Lying in bed tonight, 7th November 2015 listening to the fireworks going off for the third night in a row I can’t help but remember responding to one of the usual injured by a firework incidents that I seemed to attend every bonfire night, weekend, week… It seems to last longer every year.
I was the Duty Fire Investigation Officer for the West Midlands and was called to an incident in a yard in the Black Country, close to Wolverhampton. I had been finishing off the investigation into a house fire about a mile away when I was informed of this latest job.
I arrived at the scene to find a Fire Engine and a Police car parked outside a scrapyard/vehicle recovery yard/recycle centre. There was the remains of a bonfire which had been well and truly put out by the fire crew, and about 10m away a pile of discarded blood soaked bandages.
A Police Officer informed me that a Firework had hit the man in the head causing a horrific injury. The man had died at hospital
Examination of the fireworks that had been set off seemed to indicate that, although people had bee stood well within the 25 m safety range everything else was in place to use them safely. All of the big box 100+ fountains were angled away from the area the small crowd of the family and friends of the workers had been standing. There was no evidence of any firework carcasses anywhere in the yard, except a few empty tubes of Roman candles nailed onto timber frames.

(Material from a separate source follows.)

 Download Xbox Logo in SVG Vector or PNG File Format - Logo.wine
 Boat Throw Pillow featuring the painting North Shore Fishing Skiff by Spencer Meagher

Mooching around the yard, just beyond where the man had fallen I found a small piece of copper pipe. The pipe had body tissue and blood on the outside but also inside the tube. Recovering, bagging-and-tagging the pipe so as to enter it into evidence I returned to the soggy remains of the bonfire and started to drag it out. Using a drag hook to pull the debris into a manageable area to examine it. When I earlier mentioned the fire was extinguished and a soggy mess what I didn’t mention was it was about nine metres square and about a metre high.
As I started to drag it out I found the remains of a fridge from a caravan. The back of the fridge had the usual sealed pressurised refrigeration system. The compressor and condenser were still in place however part of the exchanger coil had ripped apart. The missing pice was a “perfect physical fit” for the blood covered one I had found close to where the man fell.
The fridge had been thrown on the fire. The heat had expanded the gases in the refrigeration system. Eventually the weak point gave way violently and a piece of the exchanger coil, the piece of copper tubing was shot with some velocity out of the bonfire. It speared the unfortunate man in the eye, passed through his Brain, excited his head via the back of the skull and fell to the ground. In front of his friends and family
Everybody was convinced he had been hit by a fire work. Yet in there own way everybody had made the ad-hoc display as safe as possible
Somebody just made the mistake of throwing a fridge on the fire
The Post Mortem and scientific tests on the traces of soft tissue on the remains of the pipe confirmed it was that which caused the fatal injury.
Be careful on these nights. Booze, fireworks-which are mini explosive devices, and fire are not a good mix.
Respect the emergency service people that are out there looking after you. When you need them. You really need them!!!!!